- _DATA IN THIS EXERCISE_

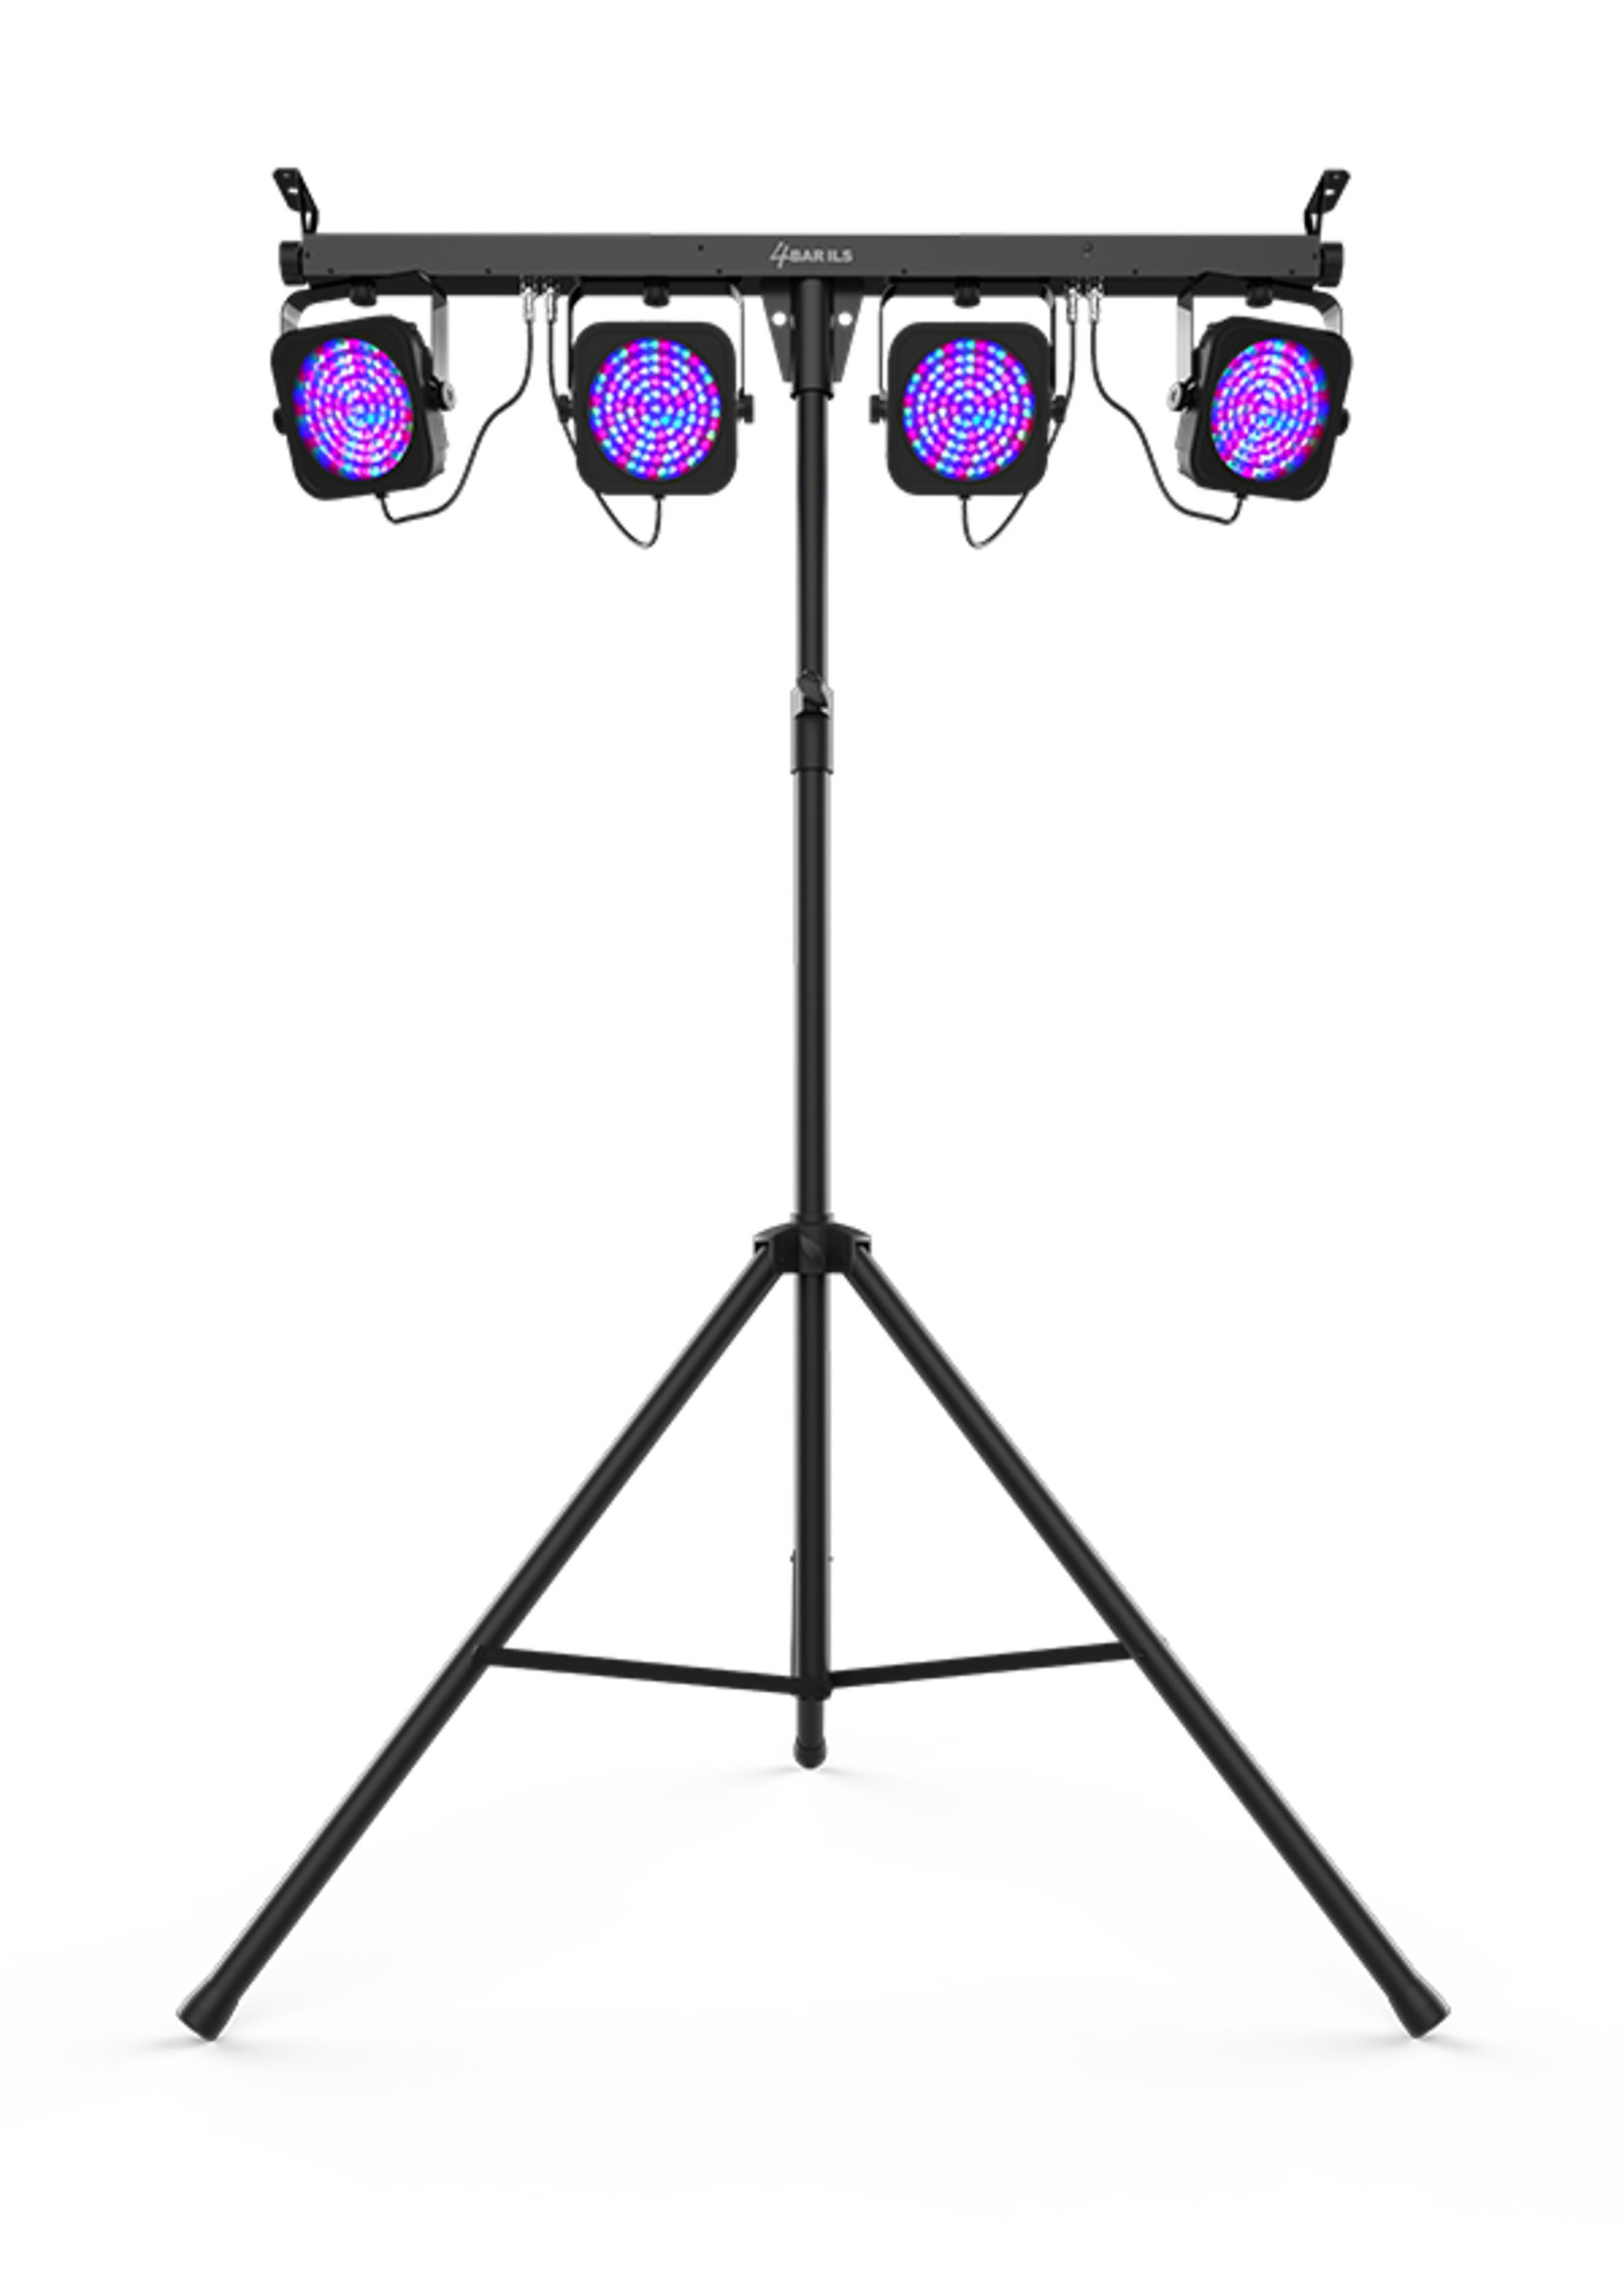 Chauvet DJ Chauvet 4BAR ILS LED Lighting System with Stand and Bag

...

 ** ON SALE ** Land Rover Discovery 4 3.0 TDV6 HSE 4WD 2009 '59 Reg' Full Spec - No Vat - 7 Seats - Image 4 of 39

--

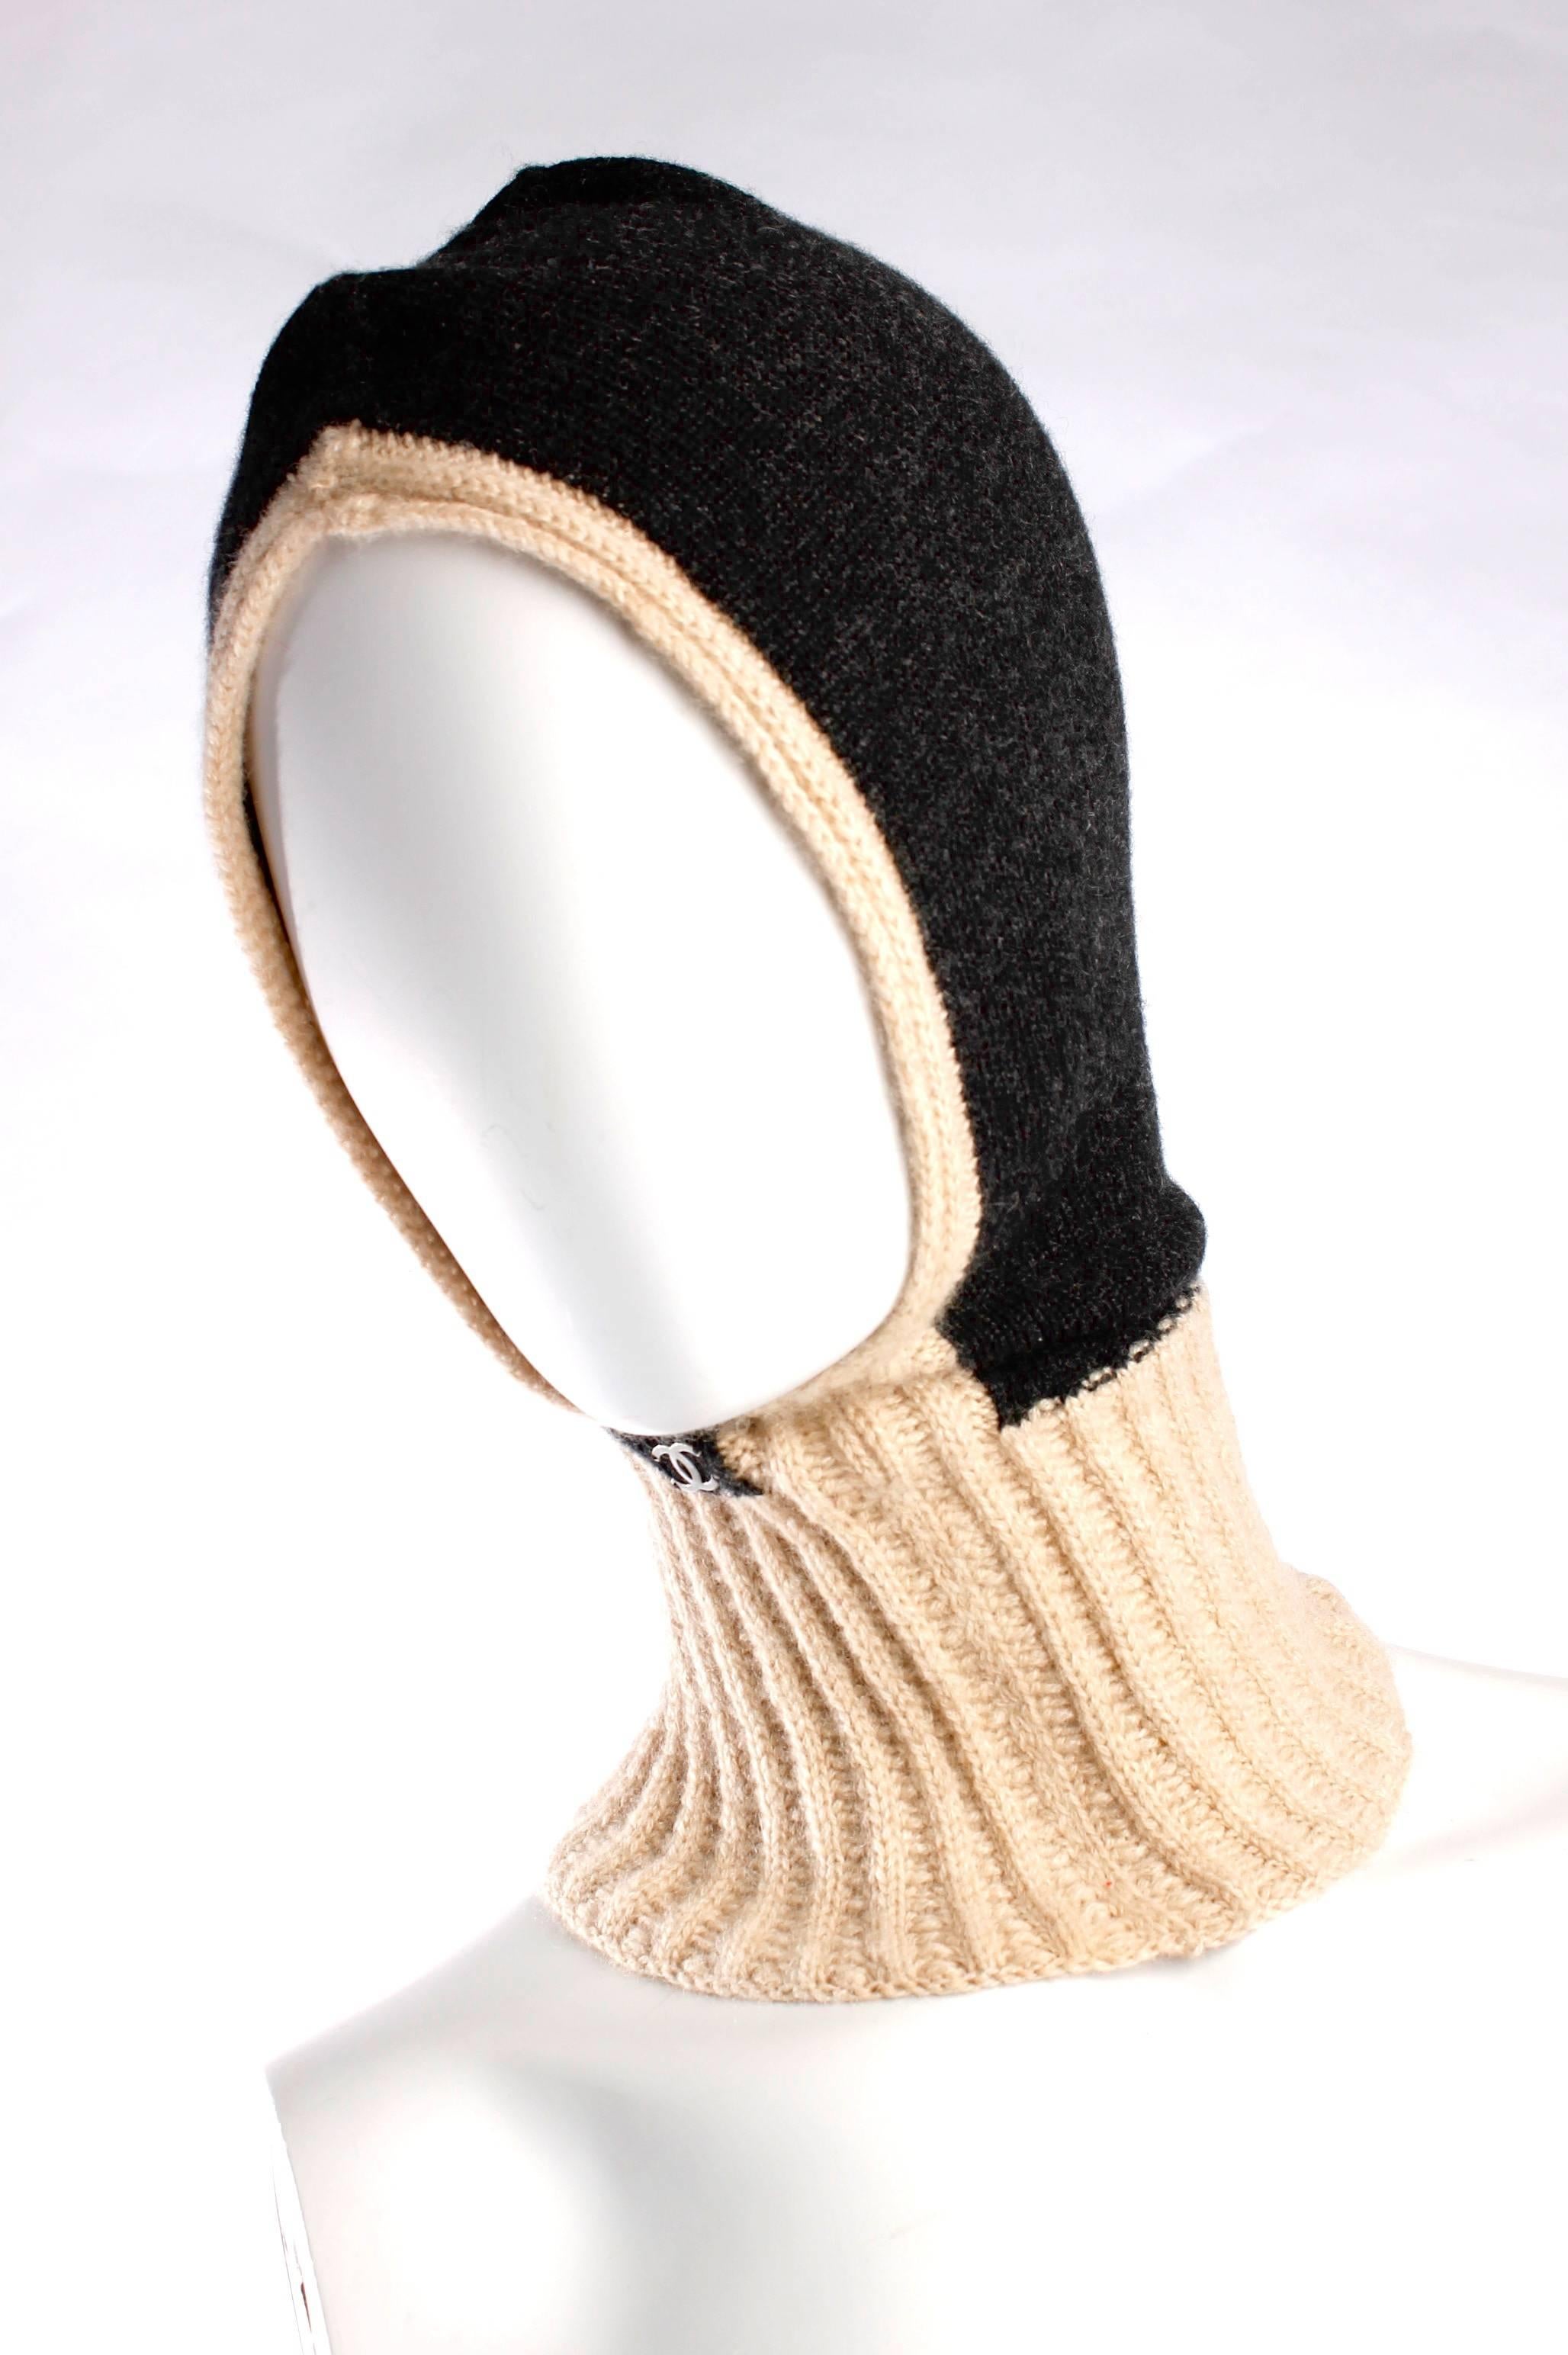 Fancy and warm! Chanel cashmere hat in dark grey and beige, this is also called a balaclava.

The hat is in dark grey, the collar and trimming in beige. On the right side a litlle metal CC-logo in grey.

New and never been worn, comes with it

- _WHAT TO WORK ON_
From the records above, reproduce exactly the lines from the one with "The hat is in" to the one with "New and never been worn, comes with it", both included, and no others.

- _OUTPUT FOR THIS TASK_
The hat is in dark grey, the collar and trimming in beige. On the right side a litlle metal CC-logo in grey.

New and never been worn, comes with it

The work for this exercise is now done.